More to come soon, plus photos of the new cards (Green on green! Script!) and, the other leather-related news: it’s a printing surface, too!

Just before I head to bed, a portion of Marge Piercy’s lovely poem “To Be of Use” that seems to resonate, no matter what time of year or the circumstances of daily life:

“The work of the world is common as mud.
Botched, it smears the hands, crumbles to dust.
But the thing worth doing well done
has a shape that satisfies, clean and evident.
Greek amphoras for wine or oil,
Hopi vases that held corn, are put in museums
but you know they were made to be used.
The pitcher cries for water to carry
and a person for work that is real.”

The trick of quiet

When I started doing letterpress work, I knew that I wanted to combine the printing with my bookbinding. I’ve developed a number of ways to blend the processes (not least of which are the full-on books in the works!), and I just completed the first of many custom portfolios and slipcases.

This portfolio is for a photographer and is the beginning of a lot of intricate work that I’m excited to do! In addition to this relatively traditional design, where the letterpress printed customized piece is inset into the portfolio cover, and then again into the slipcase cover, I’m actually working on pieces where the text is printed directly onto the coverings I use for the books and cases, including decorative papers and leather.

In the not too distant future, I will have a brand new leather design ready to show off, that I’m very excited to share. In the meantime, I thought I’d share another of the many quotes I jot down in my jam-packed notebooks every day. This may seem somewhat unrelated, but there are a lot of thoughts and ideas that permeate the reasons why and how I do my work.

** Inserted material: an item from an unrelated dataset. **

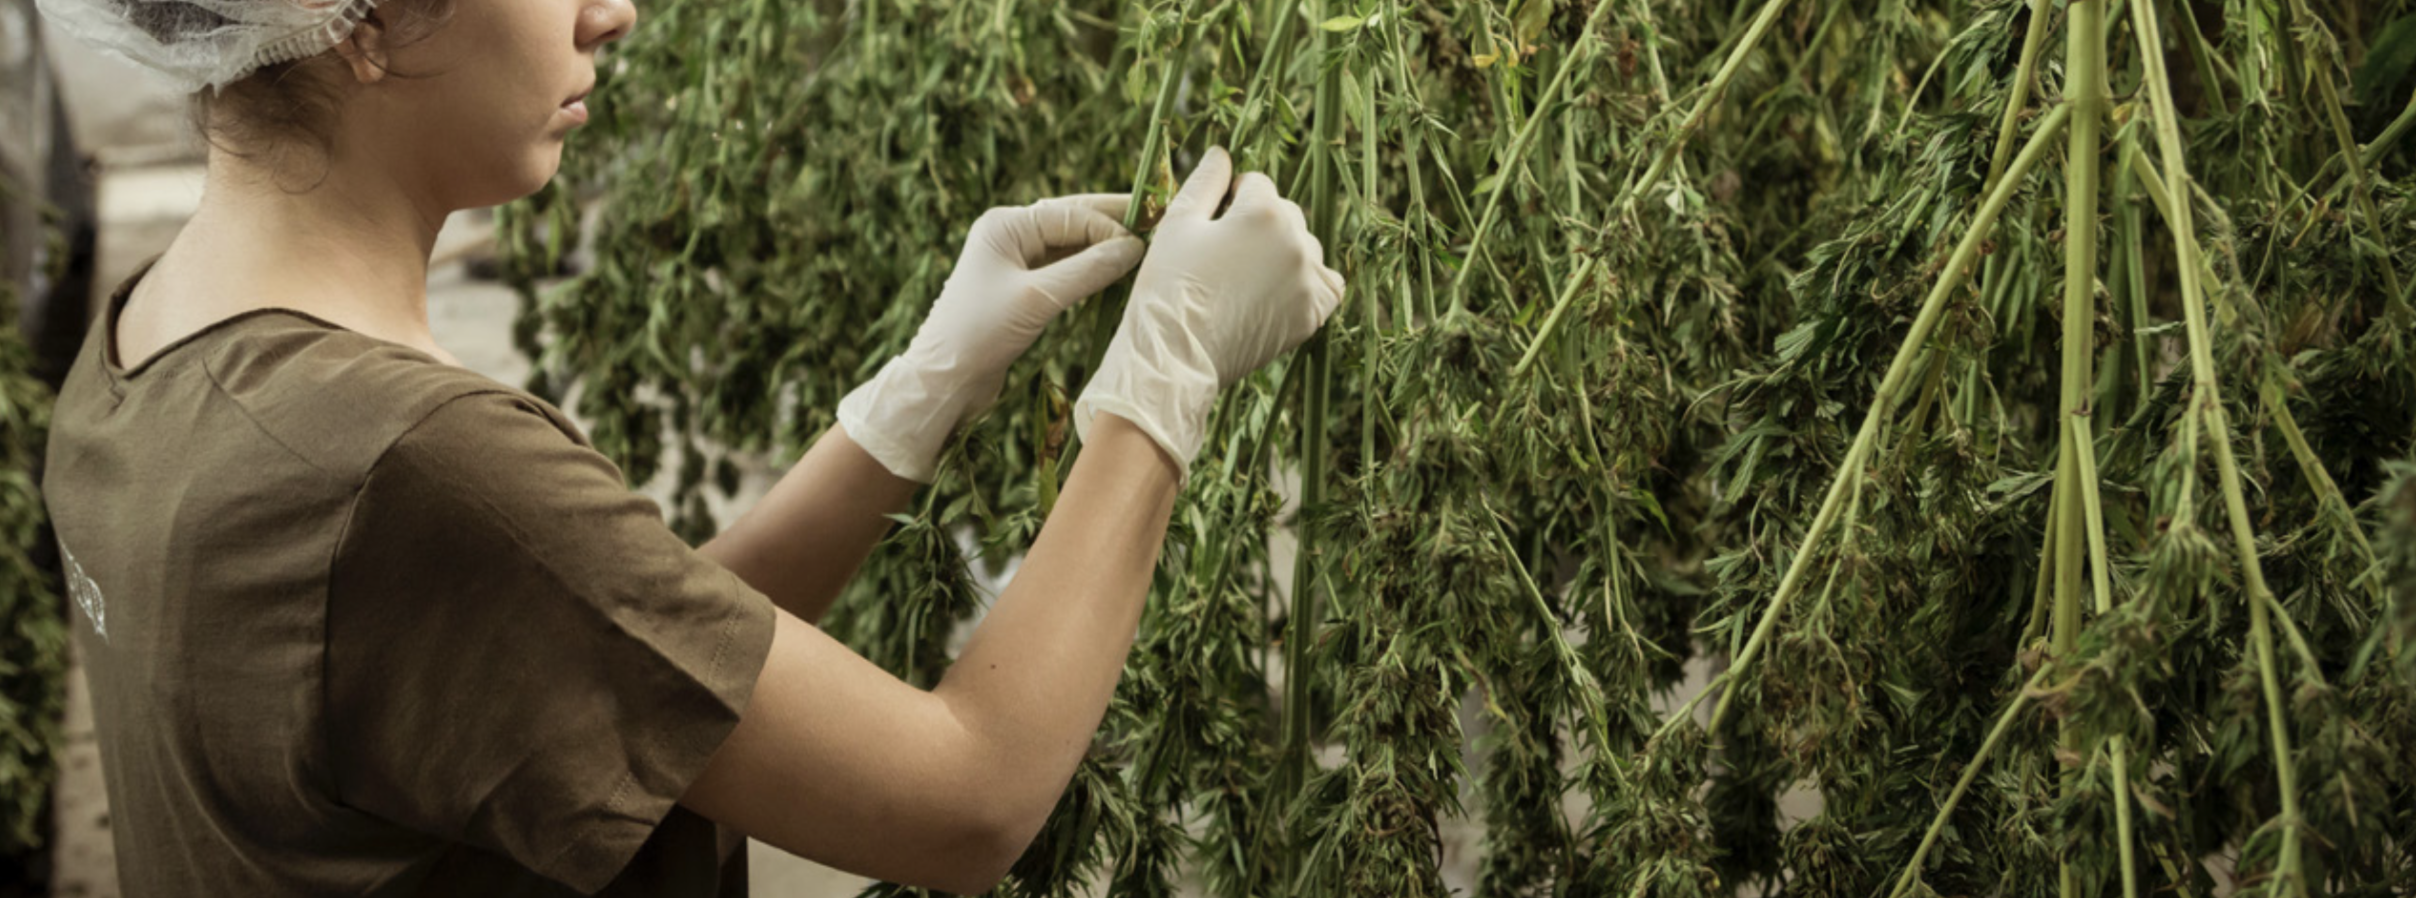 creación de empleo en la industria de cannabis

The following is an excerpt from a letter Sherwood Anderson wrote to Waldo Frank, and quoted by Wallace Stegner in his famed “Wilderness Letter”. I think it conjures a lovely idea of perspective, place and reflection:

“Is it not likely that when the country was new and men were often alone in the fields and the forest they got a sense of bigness outside themselves that has now in some way been lost…. Mystery whispered in the grass, played in the branches of trees overhead, was caught up and blown across the American line in clouds of dust at evening on the prairies…. I am old enough to remember tales that strengthen my belief in a deep semi-religious influence that was formerly at work among our people. The flavor of it hangs over the best work of Mark Twain…. I can remember old fellows in my home town speaking feelingly of an evening spent on the big empty plains. It had taken the shrillness out of them. They had learned the trick of quiet….”
- Sherwood Anderson to Waldo Frank in the 1920s

The innumerable minor rhythms of human activity

A few weeks ago I splurged on 2 beautiful sheets of elegant, fun, and intricately patterned Japanese paper at Kinokuniya, across from Bryant Park, and am looking forward to finally getting a few new books made with covers from them.

And there are, of course, lots of books and custom portfolio projects in the works, along with a stack of ongoing invitation designs, and printing to come this weekend and next week…so plenty more photos soon!

Finally, I’ll leave you on this fine Friday morning with the full inspiring excerpt from which my title of this post is derived from TJ Cobden-Sanderson, bookbinding teacher to Ellen Gates Starr:

“All men [are] potentially artists, each in his own degree, and one and all to be capable of co-operating to the one great achievement of the human race, the bringing into unison with the rhythms of the universe the innumerable minor rhythms of human activity.”